6.23.2008

A Day on the Coast Starlight

I had about two hours to wander about Union Station before the Coast Starlight departed for home. The station has a beautifully restored Art Deco interior, the wood paneled walls and spacious seating areas were very inviting. There was no wifi service, and limited food opportunities which was disappointing but I enjoyed walking around the building. I boarded the coach section of the Coast Starlight train around 10:00am. I don't usually ride with the riff raff but didn't feel like shelling out the extra dough for a sleeper. Looking back I should have skipped the sleeper from ABQ to LA and taken the roomette for the LA to OAK journey. Ten hours without being able to get away from the public becomes wearing.

The attendants seemed to seat people according to where you were headed so I ended up around the middle of the train sitting next to a nice lady from Santa Fe who was going to San Jose. We talked awhile about New Mexico and about the route of the Coast Starlight, which she had taken before. After the car attendant took our tickets I moved up to the lounge car. The first couple of hours the route travels the uninteresting sprawl of LA. Shortly after noon though we came out to the glorious Pacific. When they say the Coast Starlight goes right along the ocean, it does. In places you can look straight down from the train window and see the rocky shore. It's absolutely marvelous and I was lucky enough to get a window seat along the side looking out over the water. We saw swimmers, surfers, pelicans, dolphins, beachgoers of all sorts. At 2:15 the train stopped at Lompoc, seemingly the middle of nowhere but there was a ticket machine right next to the beach. Most of the day was foggy, but watching the coastline there is never a dull moment.

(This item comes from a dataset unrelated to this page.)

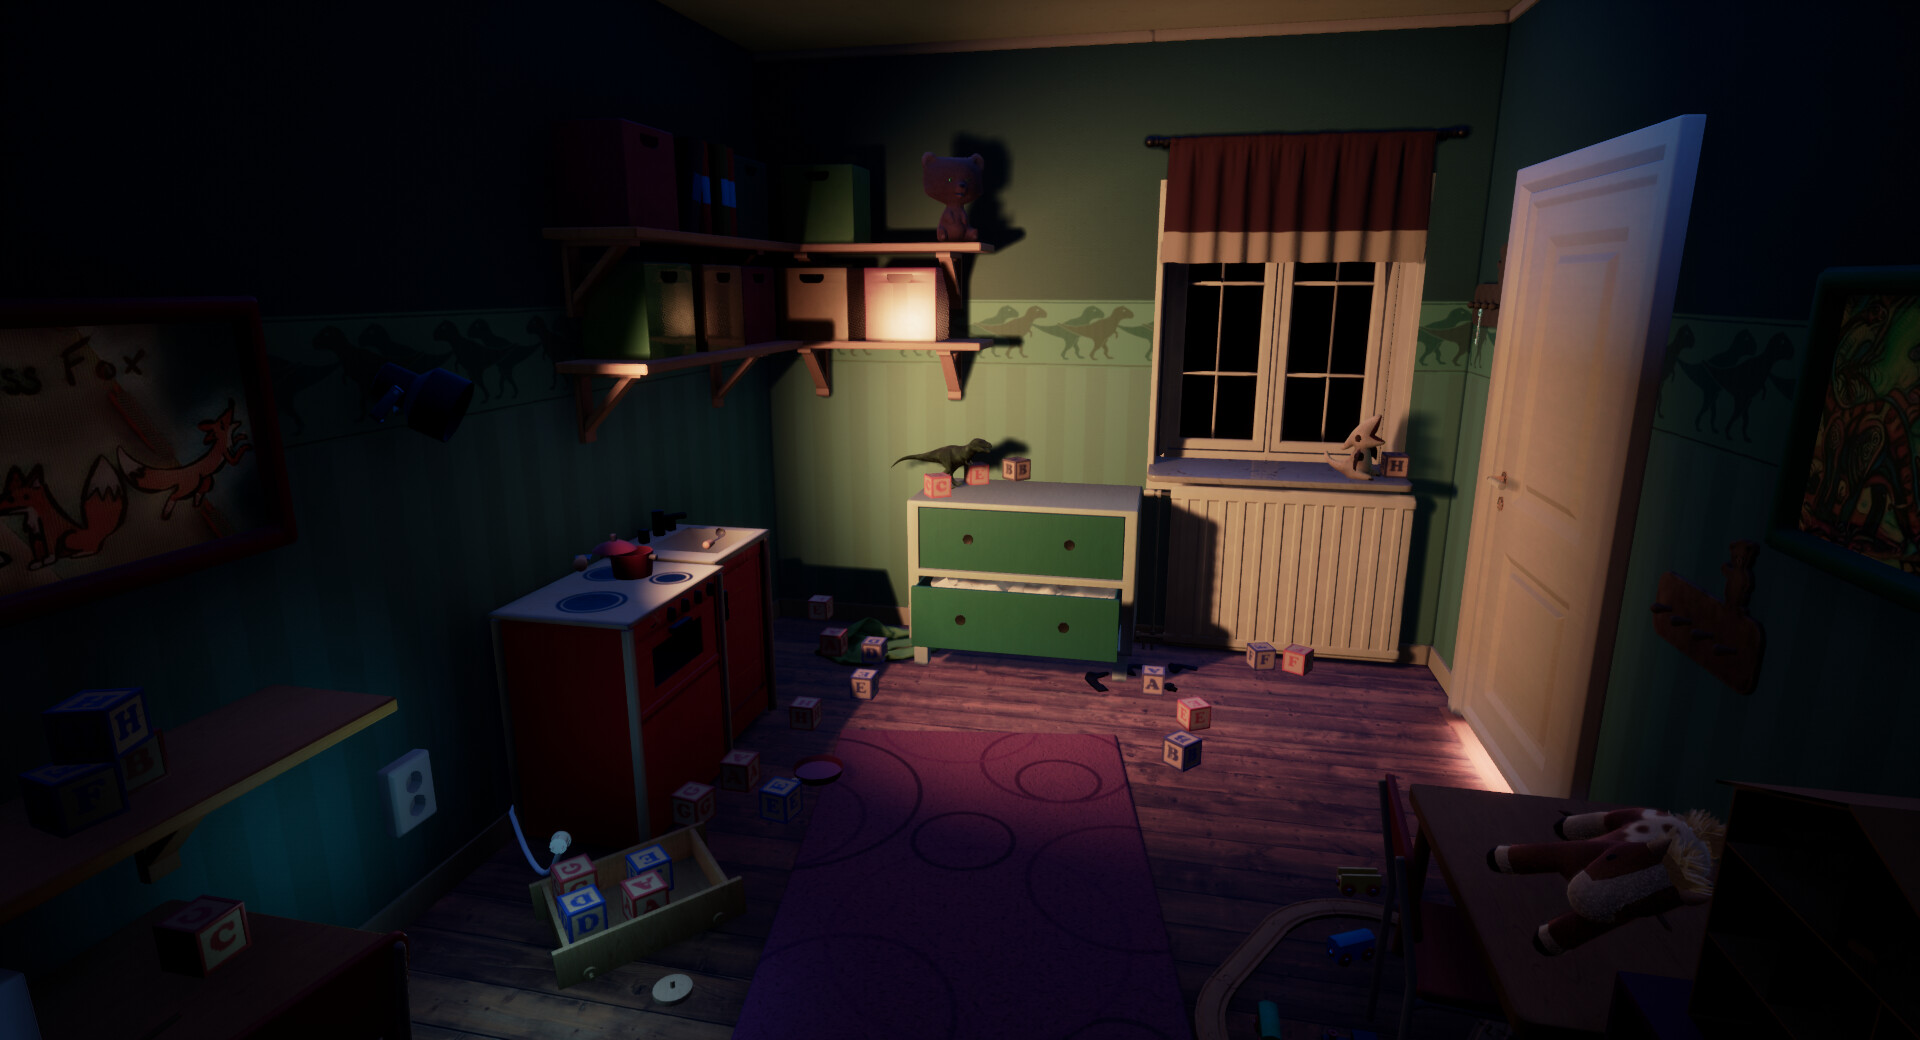 Axel loreman playroom

The Coast Starlight was fairly crowded. For most of the day I sat near some guys who had just finished the 545 mile AIDS ride from San Francisco to LA. The train went along the same route they had biked so they pointed out various places they remembered along the way. A young man in a hat played guitar all the way to Salinas, a sort of country, folksy, music that suited the ride well. We turned away from the coast at St. Louis Obispo in mid-afternoon to head up the Salinas Valley. Shortly after leaving the coast the train goes around Horsehoe Curve, where from the lounge car you can see both the front and back of the train at the same time. Miles and miles of agriculture. Here the freight trains rule, at one point we had to stop at a siding while the conductor got out to manually flip a track switch, the train pulled through then the switch had to be manually set back into place. Entering the Salinas Valley signals a return to the real world. The scenery is a little less marvelous, the towns a little less solitary and more familiar names start popping up.

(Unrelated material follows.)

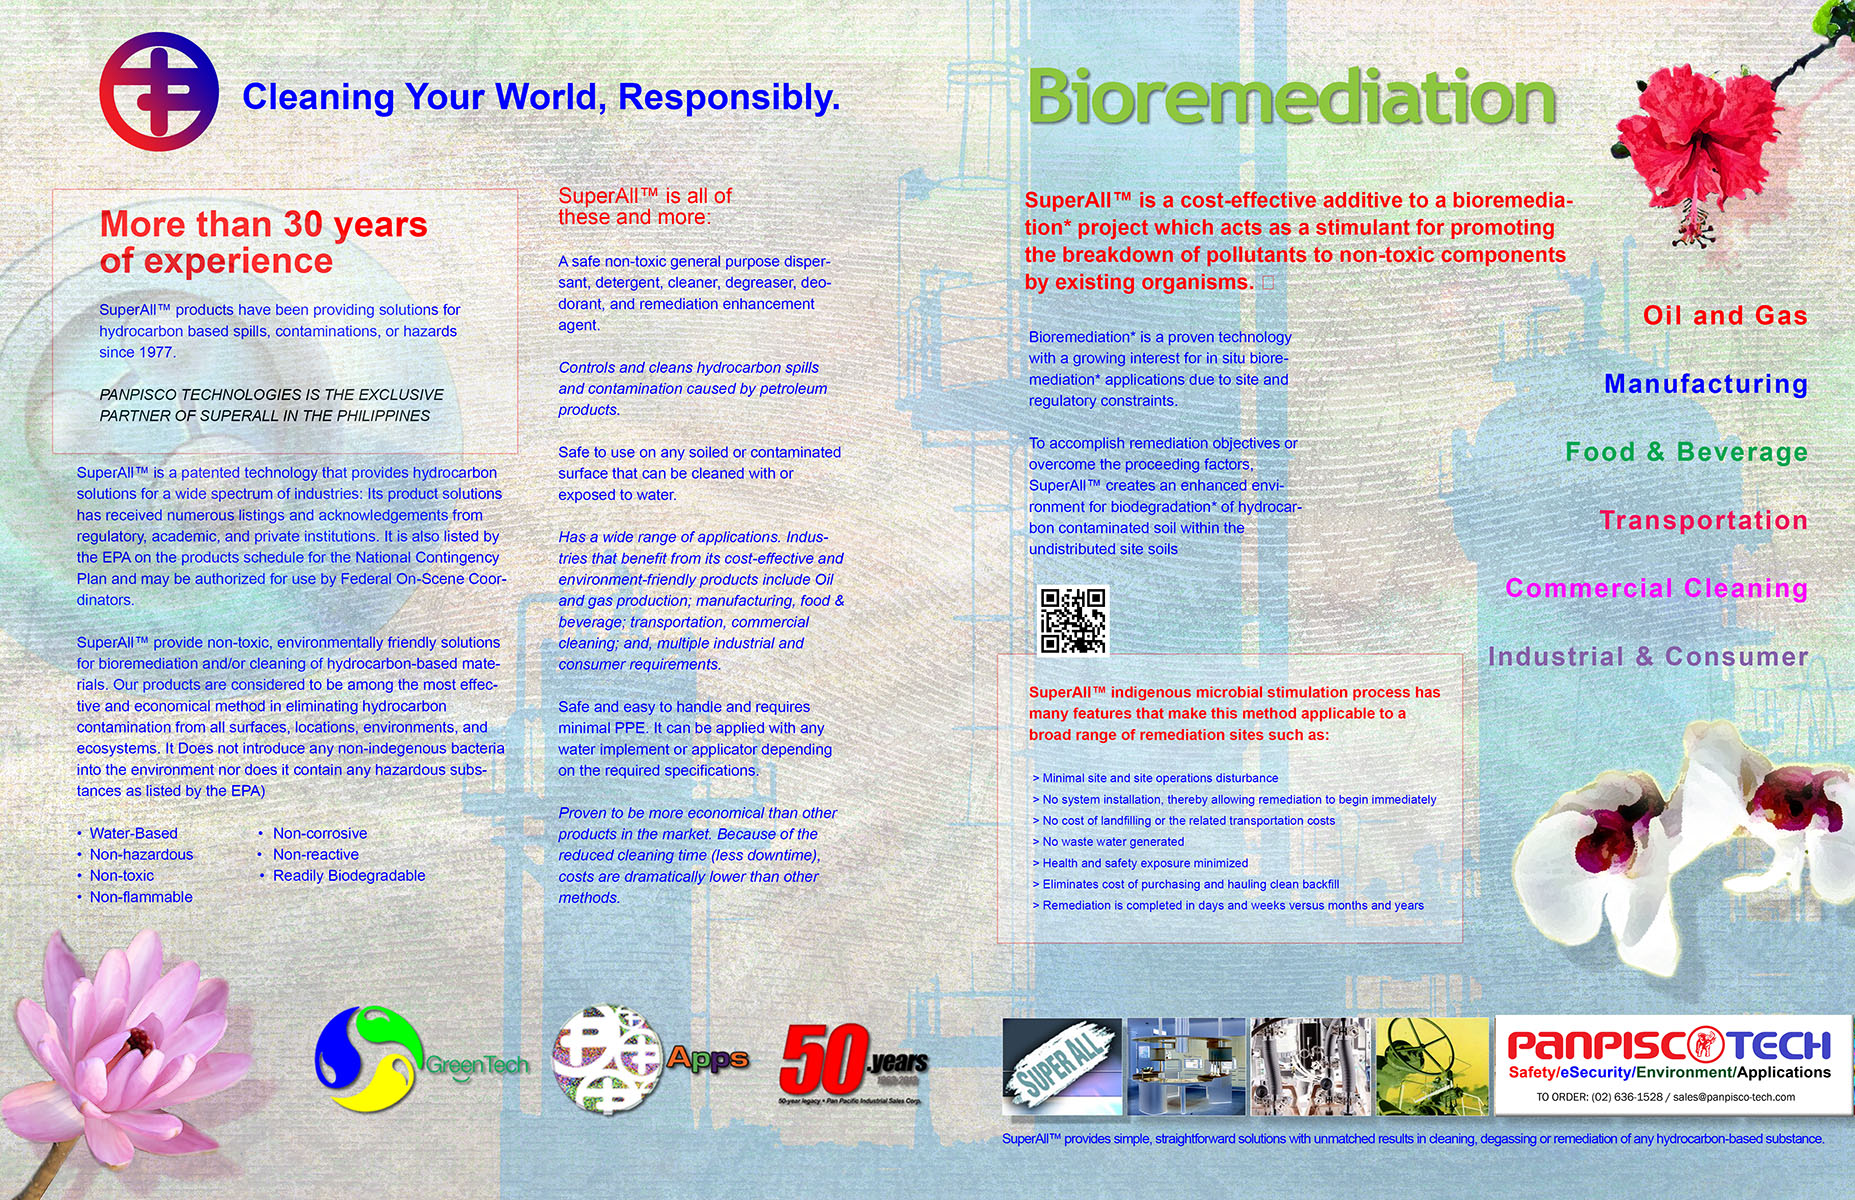 Superall Bioremediaiton

The train approached San Jose a little after sunset. The route then goes along the bay up to Oakland. I found this somewhat interesting after having driven the route so many times and always sort of wondered about where the train ran. As we neared Oakland I thought about how often I watched the trains pass through the city and how separate a world it is to actually be on one. We rolled into Jack London Square around 10:00, just half an hour late. The coach cars being in the back of the train let me out just a block from my apartment. The short walk home was uneventful, it sort of amazes me how many people ask me if it was safe to be walking home at night. I had however met a couple on the train who did not have a hotel reservation for the night in Oakland and were under the delusion of their being hotels right next to the train station. I recommended a place a few blocks away, to which I suggested they take a cab.

Not having a room on the Coast Starlight I think I spent more of the day talking to people. It might also be a train where more people travel coach and so the lounge car is filled all day by the same travelers. I was struck by how many drunk people there were on this train, something I had not experienced on other Amtrak routes and several other passengers commented on this also. It was a congenial atmosphere though and when I grew tired of the hubbub of conversation I retired to my seat on the coach car. Still I would have been happier with my own cozy roomette. Someday I would like to take the Coast Starlight all the way to Seattle but that my friends is another adventure for another time!